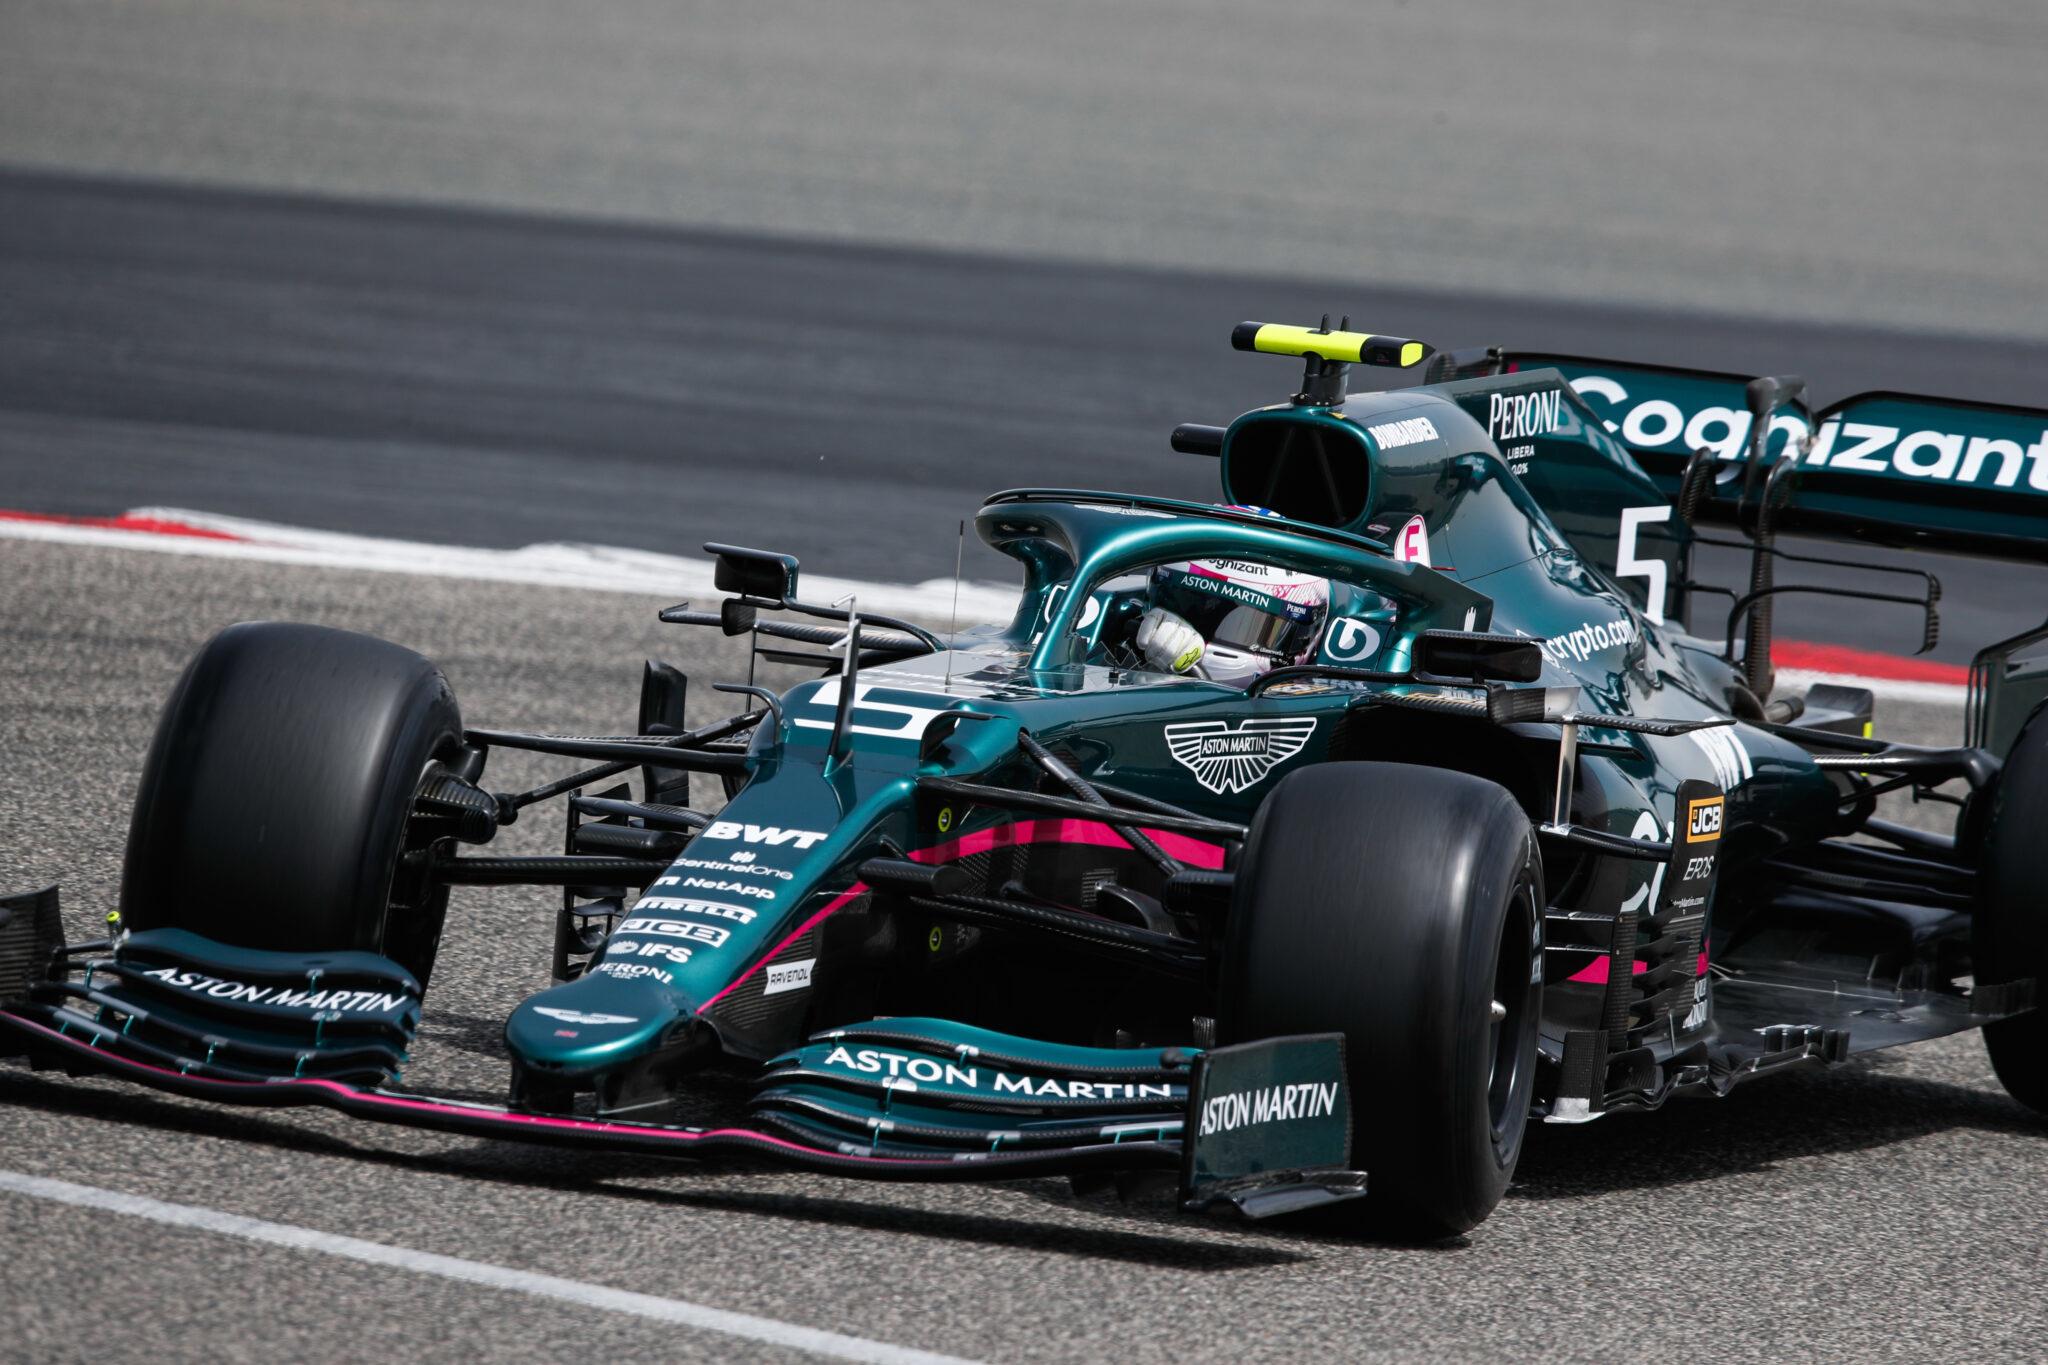 Racing Fashion est ravi d'annoncer son partenariat avec Aston Martin Cognizant Formula One™ Team et  Pelmark, le fournisseur de vêtements et d'accessoires de l'équipe.
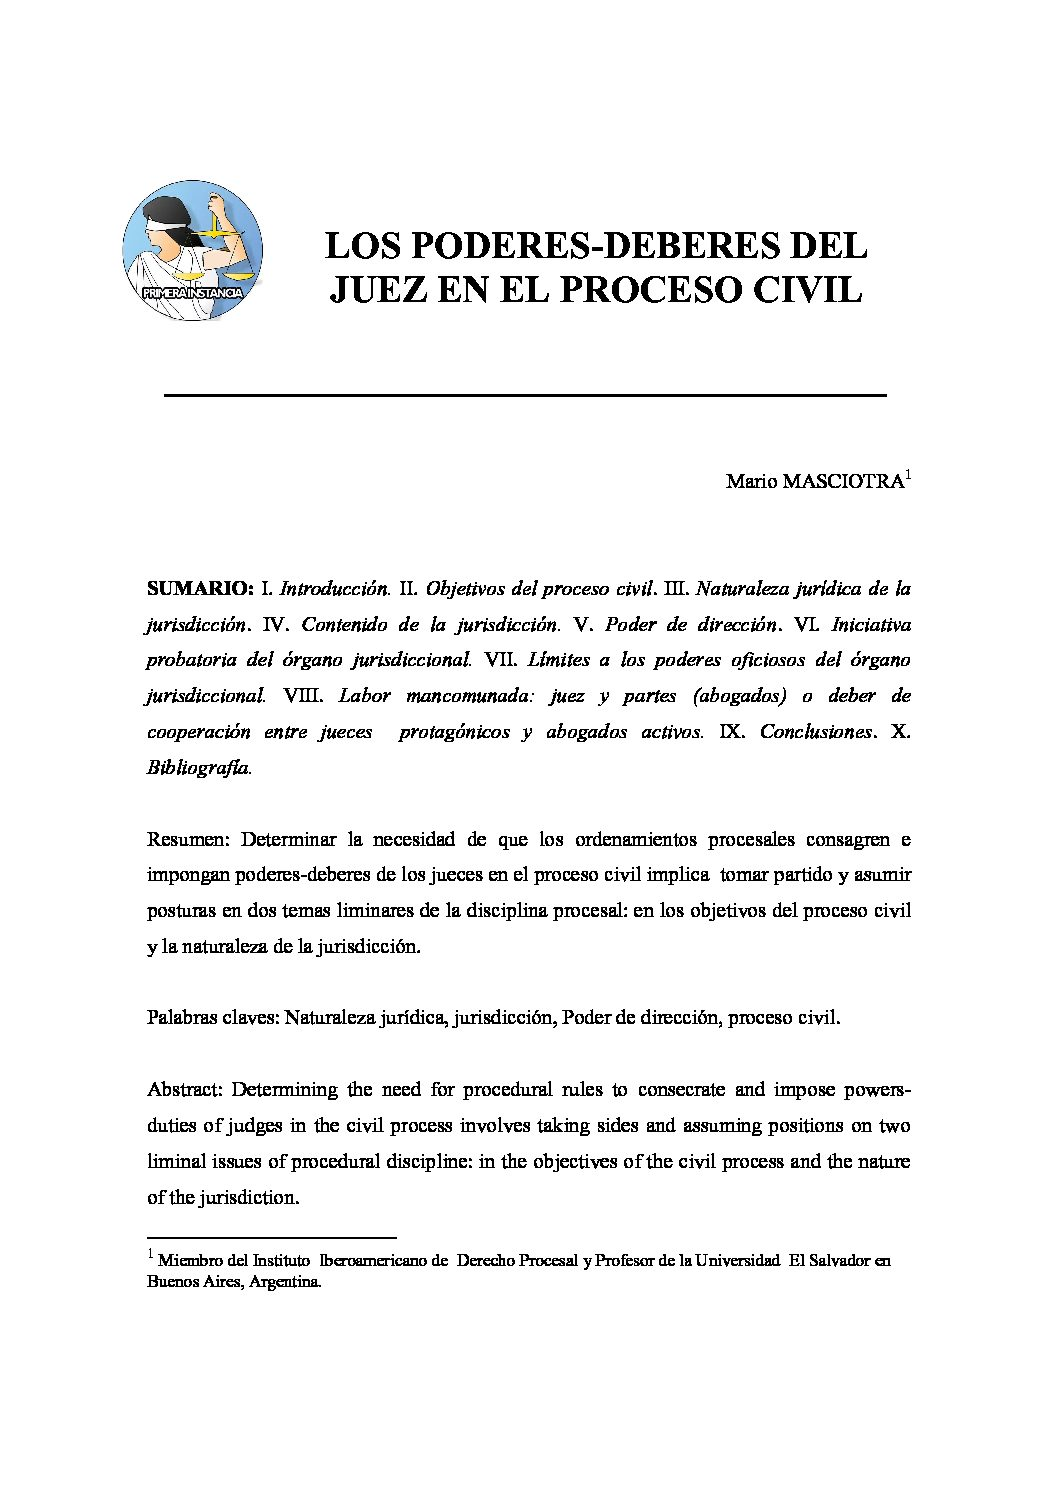 LOS PODERES-DEBERES DEL JUEZ EN EL PROCESO CIVIL, Mario Masciotra
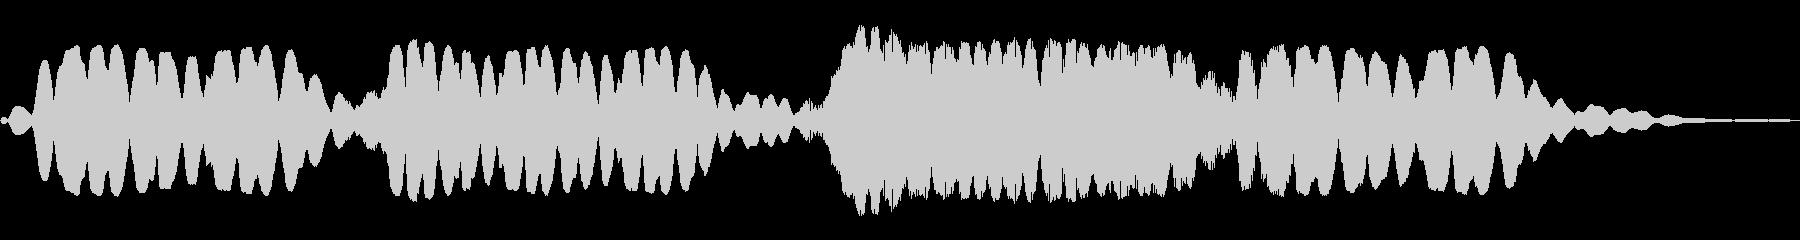 ホワワワーン(幻想的な効果音)の未再生の波形
§ §
Your task is to retype the listing exactly, without its pictures.

# [Answer section]
 Racing Fashion est ravi d'annoncer son partenariat avec Aston Martin Cognizant Formula One™ Team et  Pelmark, le fournisseur de vêtements et d'accessoires de l'équipe.
 LOS PODERES-DEBERES DEL JUEZ EN EL PROCESO CIVIL, Mario Masciotra
 ホワワワーン(幻想的な効果音)の未再生の波形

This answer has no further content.